● **TASK INSTRUCTIONS**: Starting at the line that contains "Microsoft Surface Book", return every line through the end of the data exactly, without pictures.

● **INFORMATION SUPPLIED**:
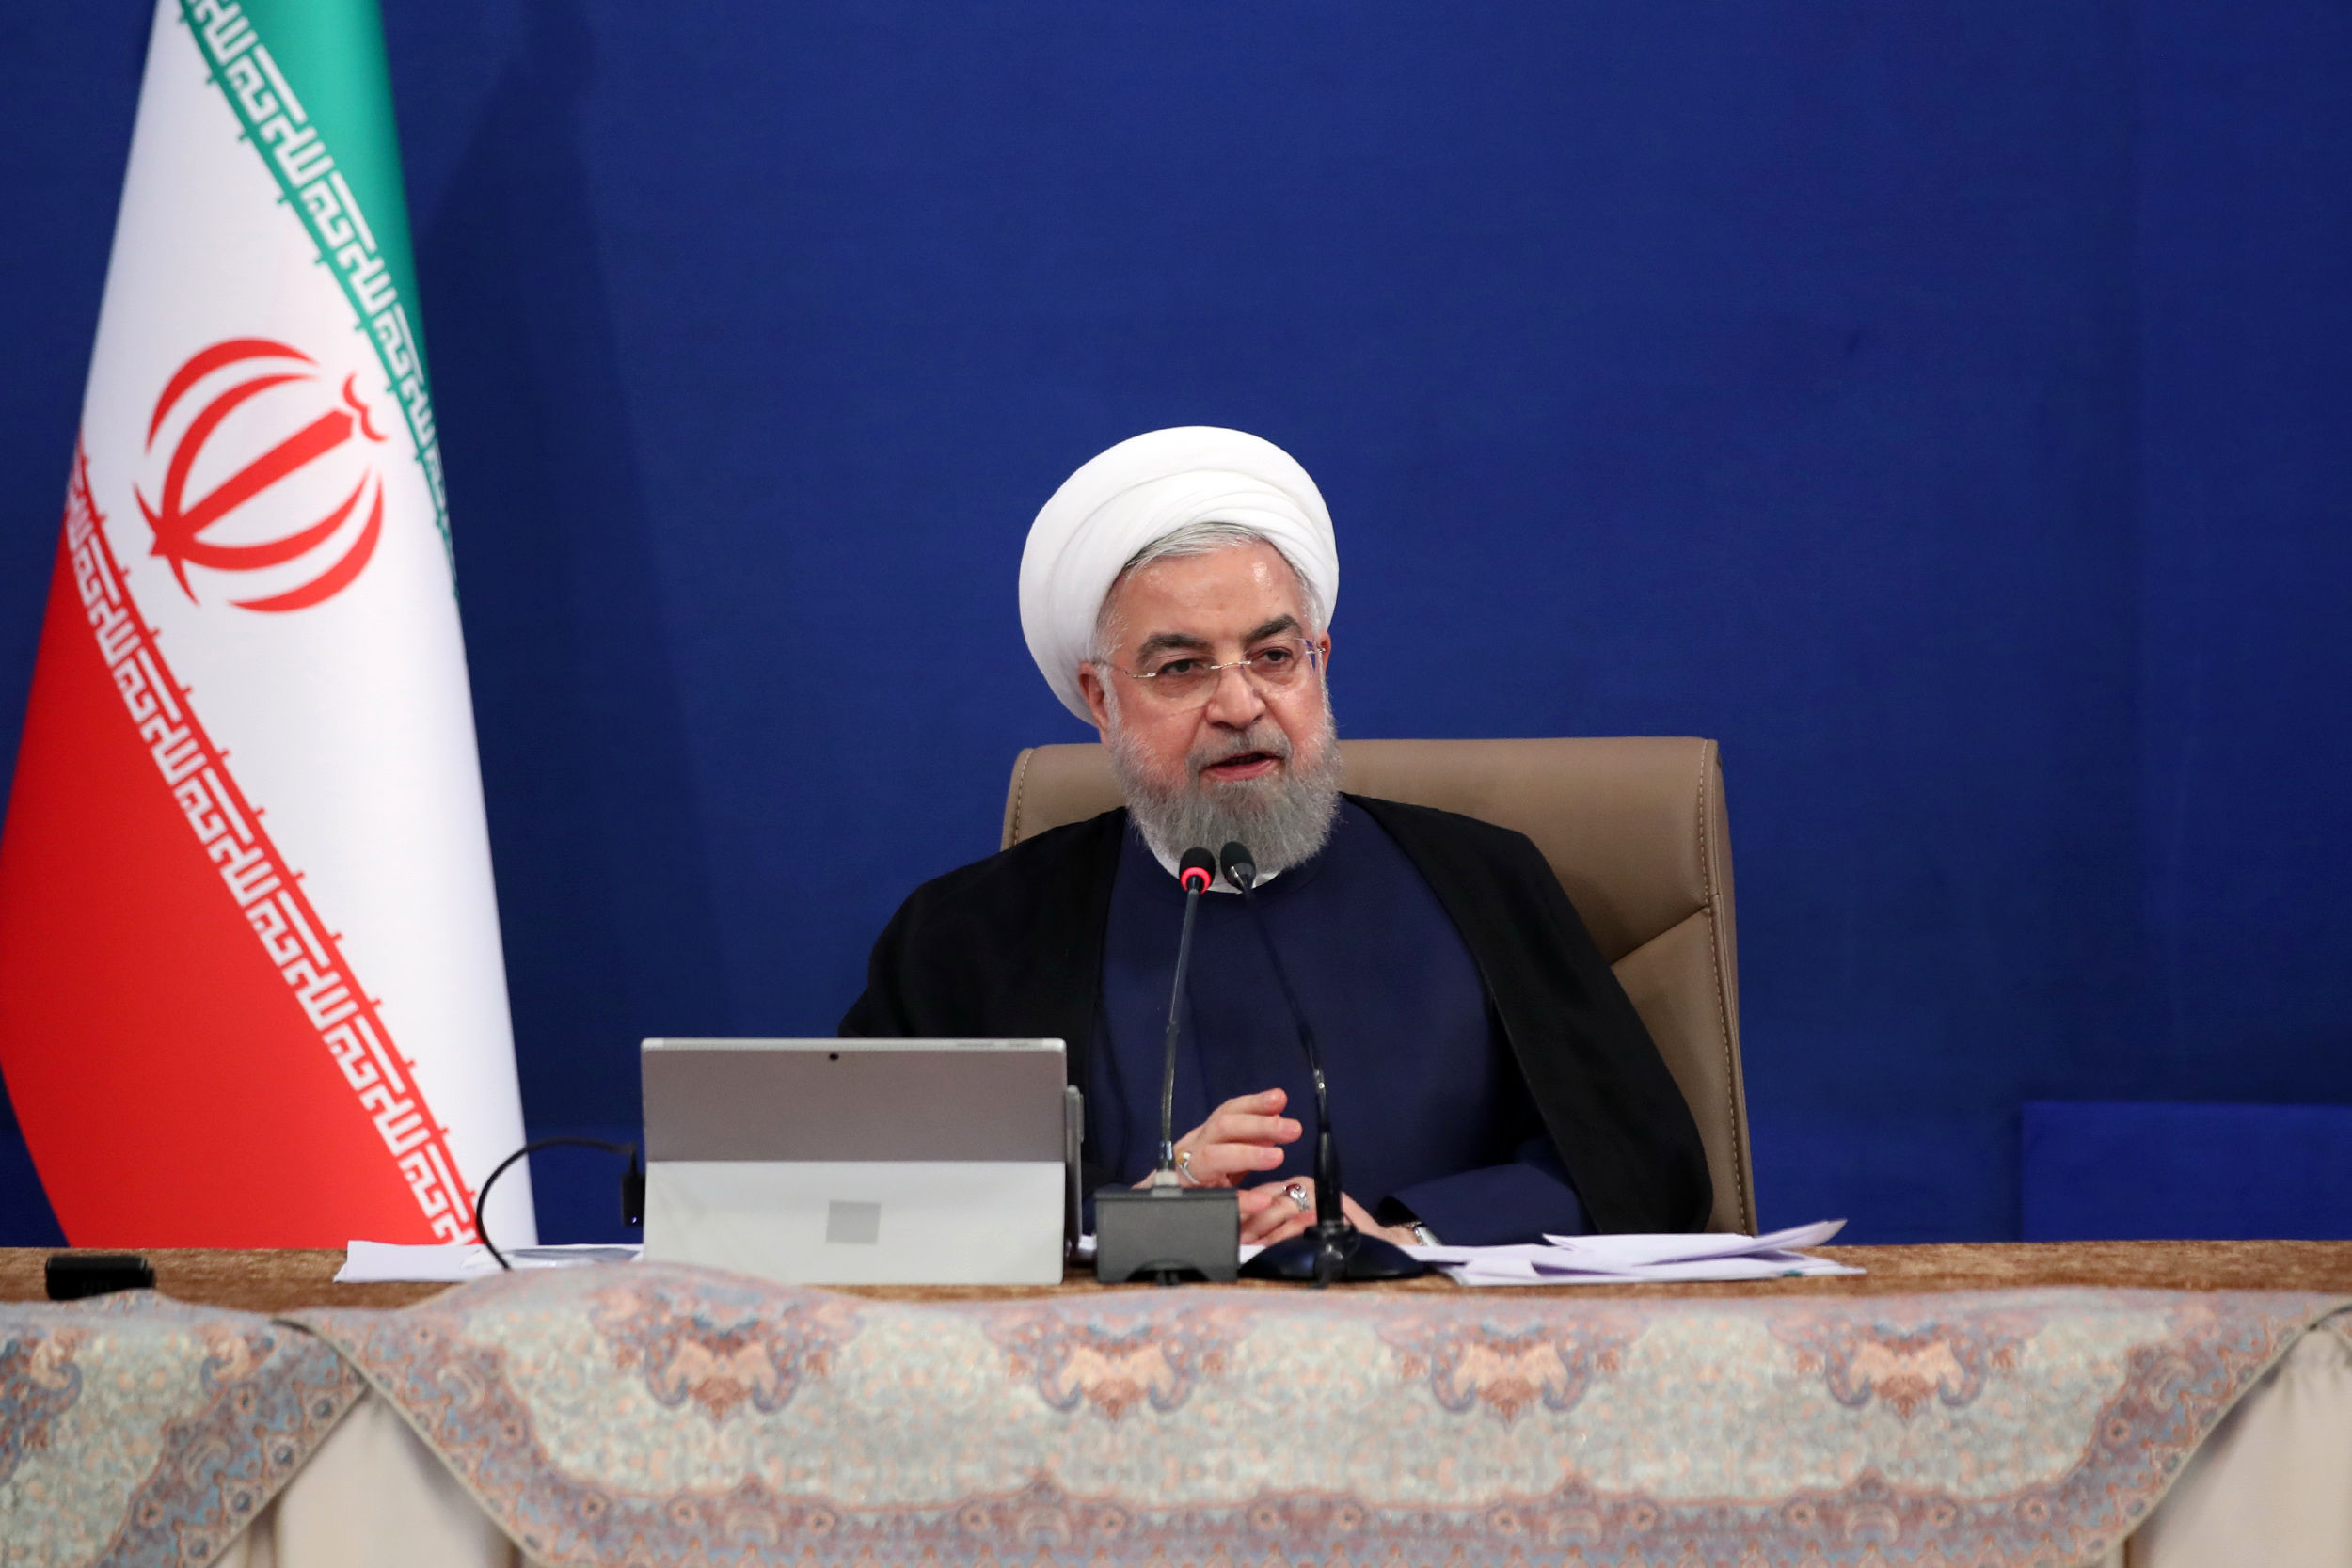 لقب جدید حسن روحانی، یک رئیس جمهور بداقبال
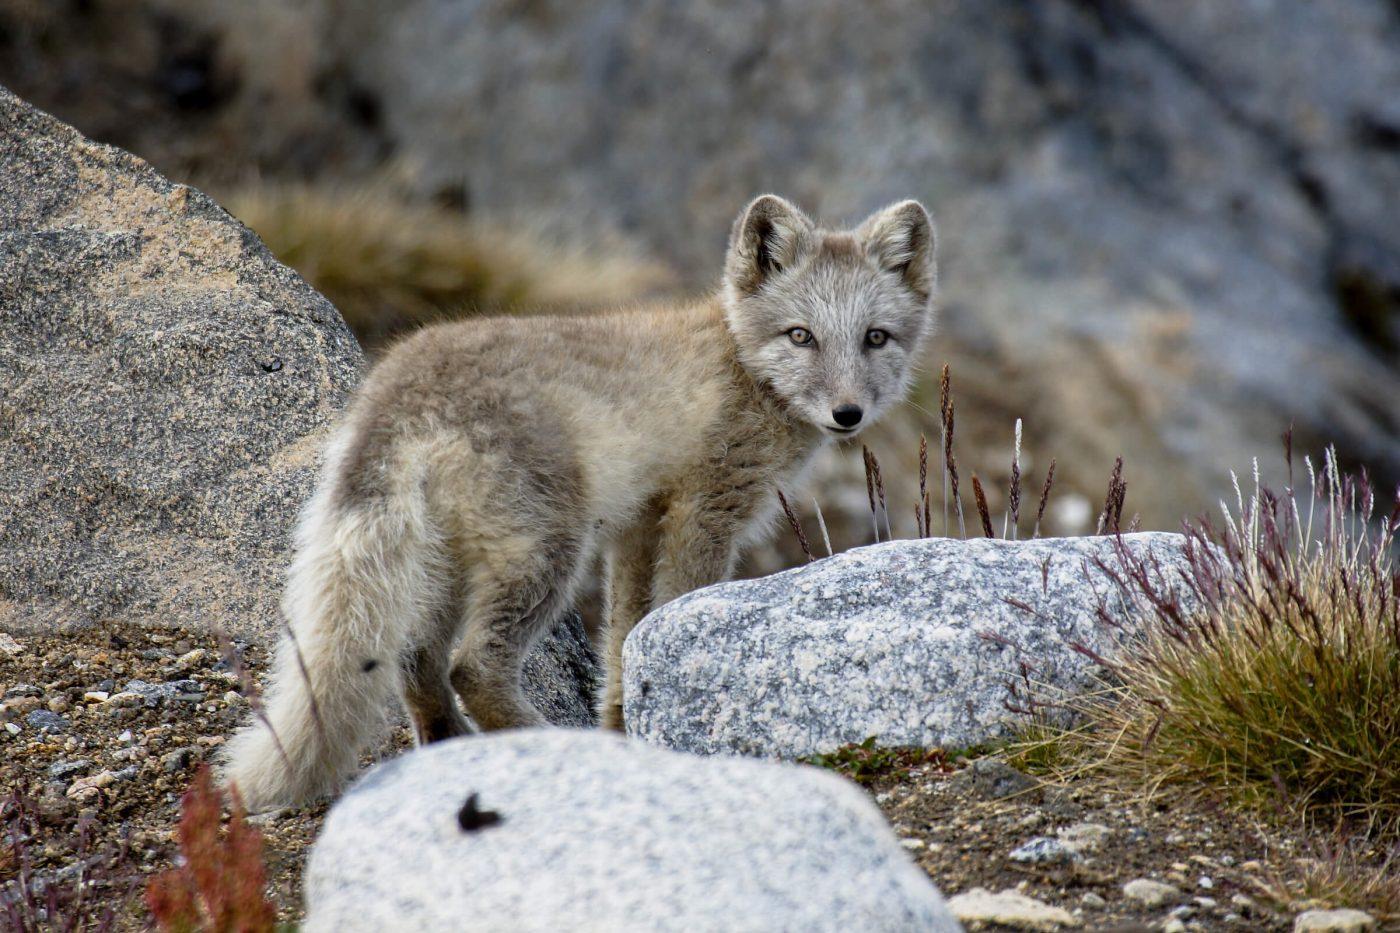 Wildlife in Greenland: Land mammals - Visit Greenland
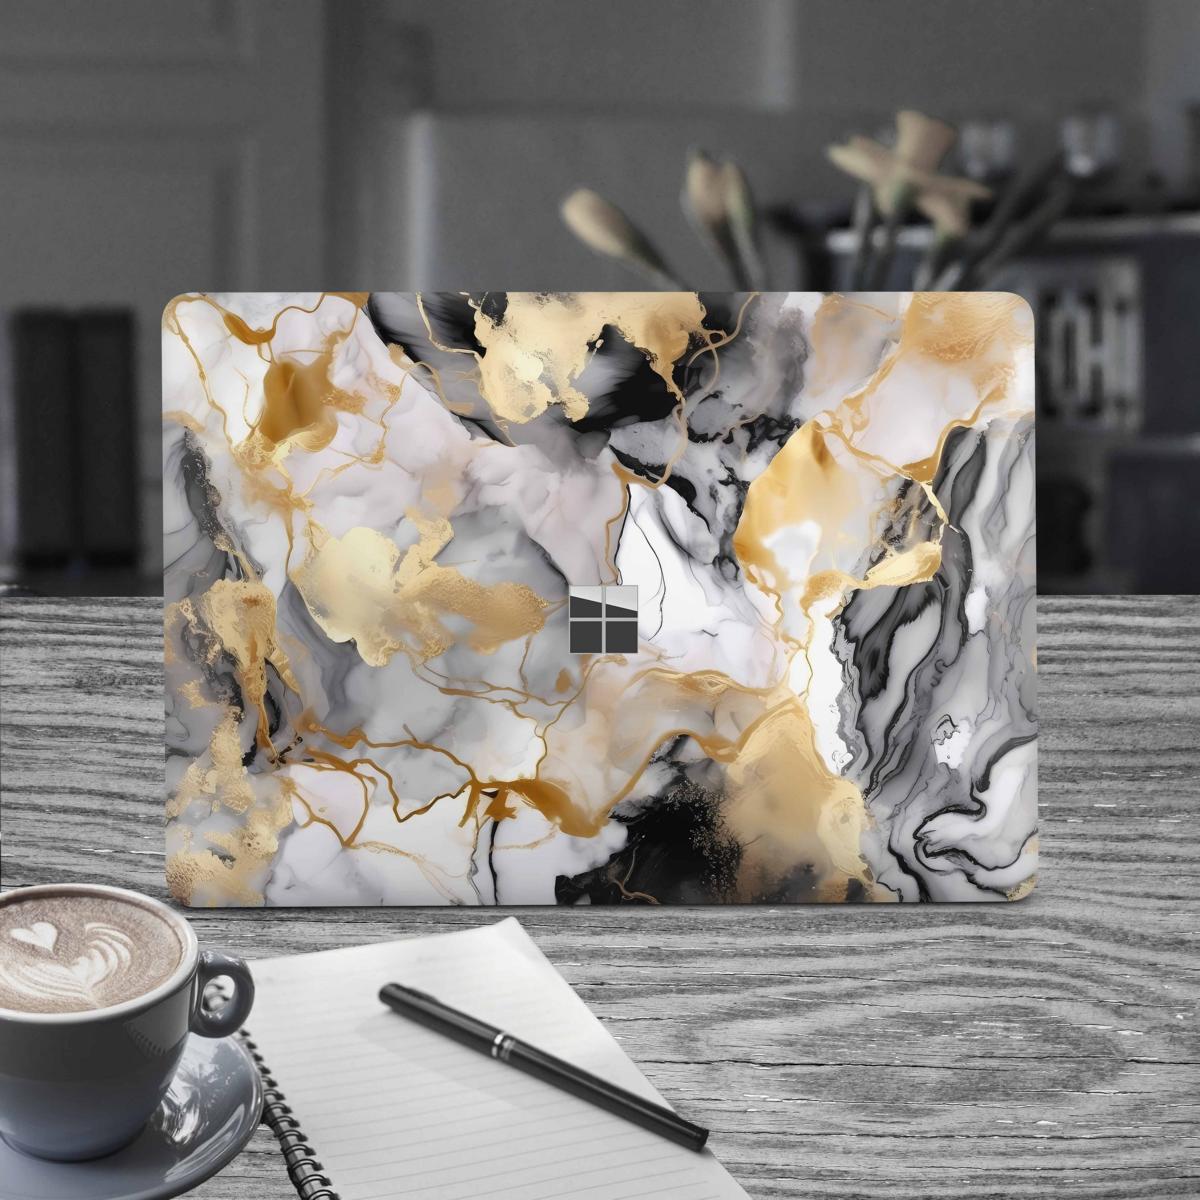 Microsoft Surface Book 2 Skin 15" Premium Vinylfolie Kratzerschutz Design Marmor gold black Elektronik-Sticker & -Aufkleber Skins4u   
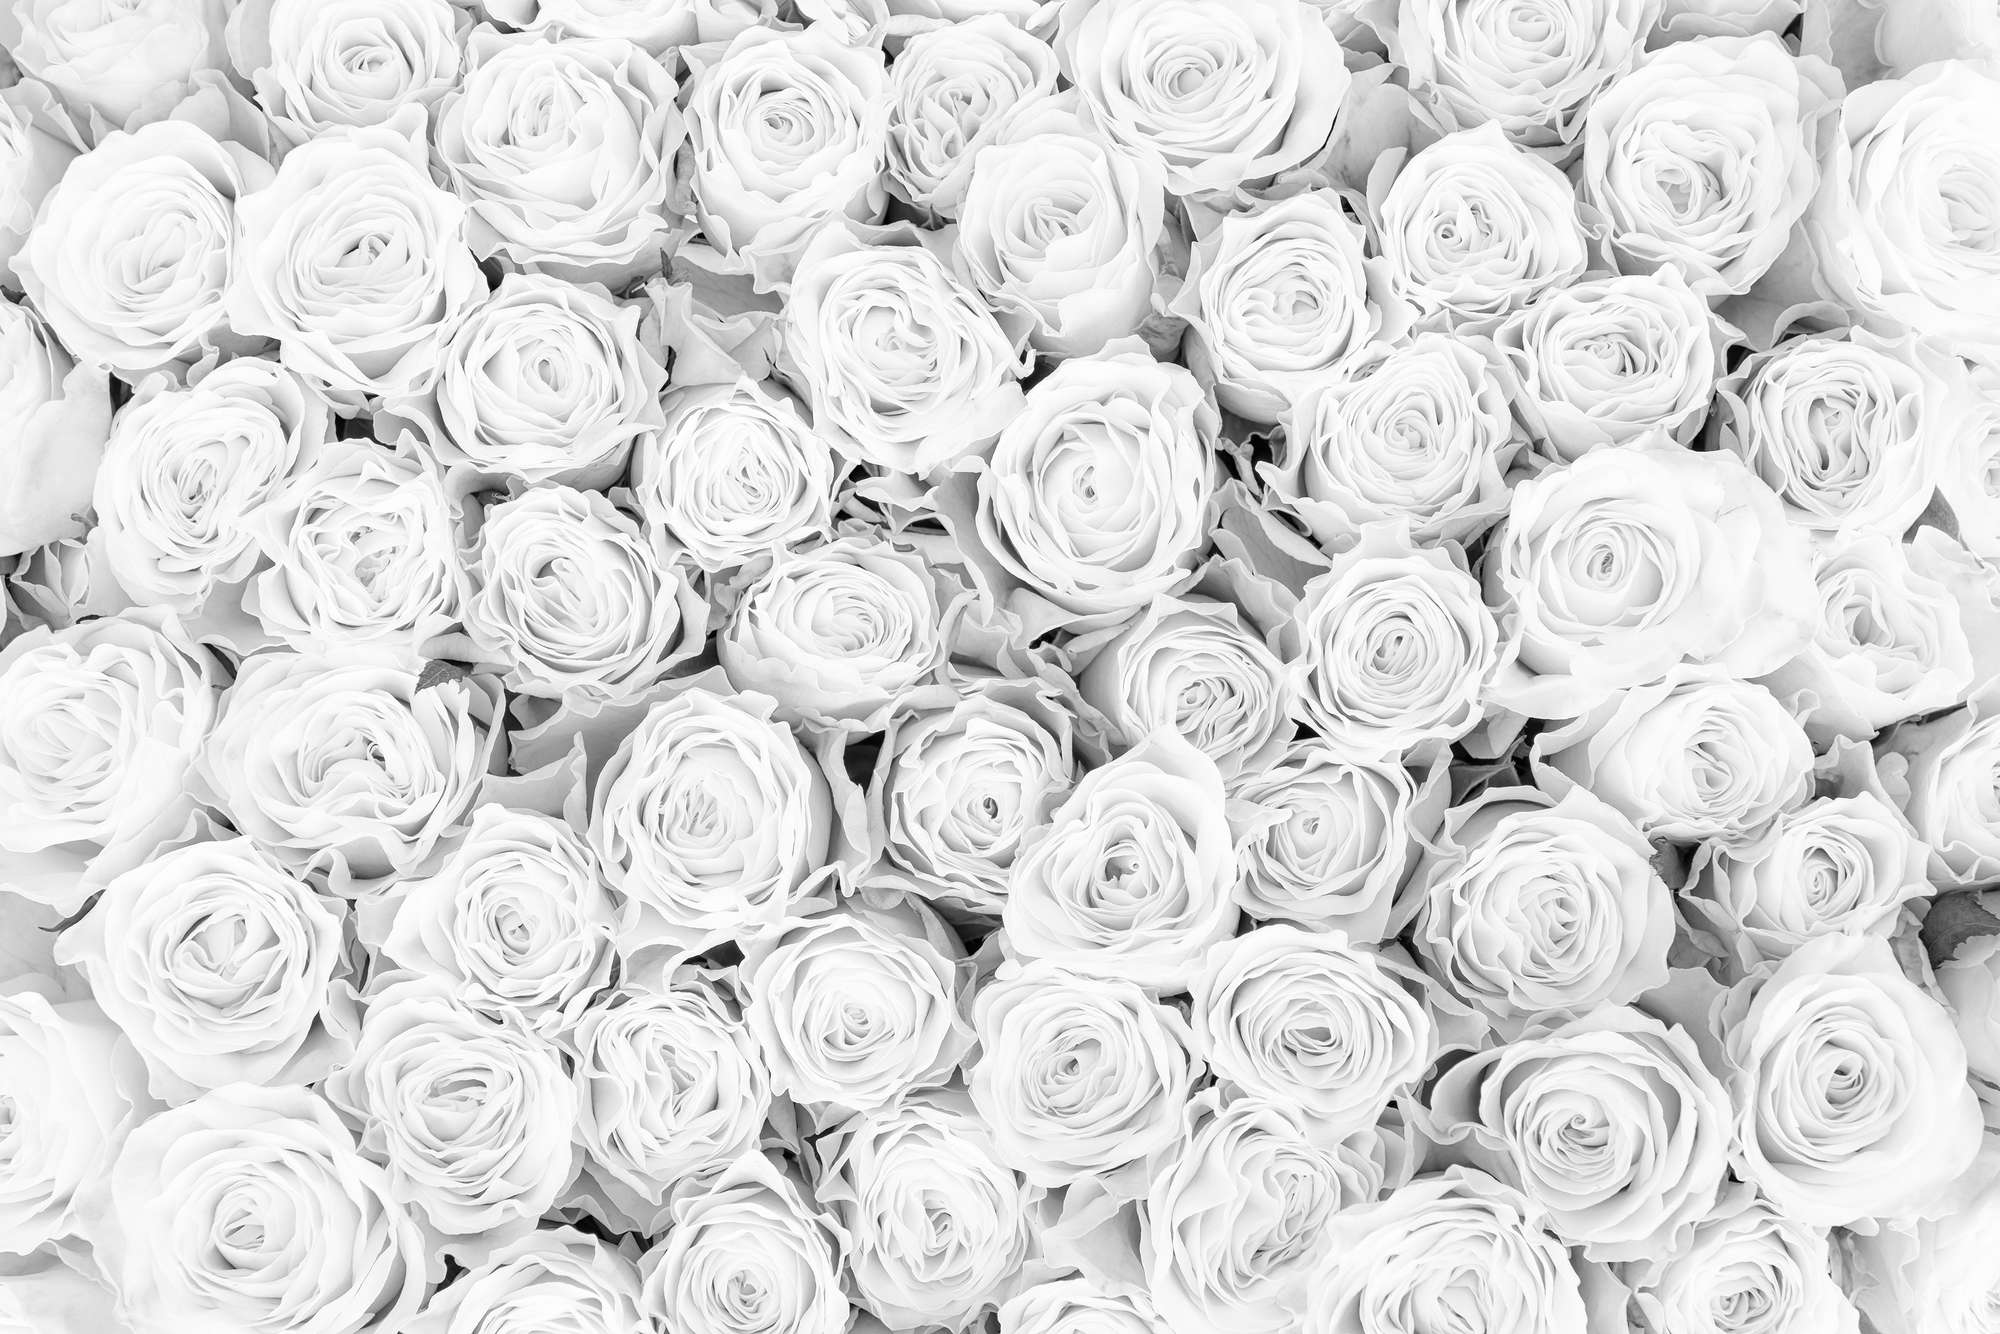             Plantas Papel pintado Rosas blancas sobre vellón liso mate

● **RESULT OF THE TASK**:
 Microsoft Surface Book 2 Skin 15" Premium Vinylfolie Kratzerschutz Design Marmor gold black Elektronik-Sticker & -Aufkleber Skins4u   
             Plantas Papel pintado Rosas blancas sobre vellón liso mate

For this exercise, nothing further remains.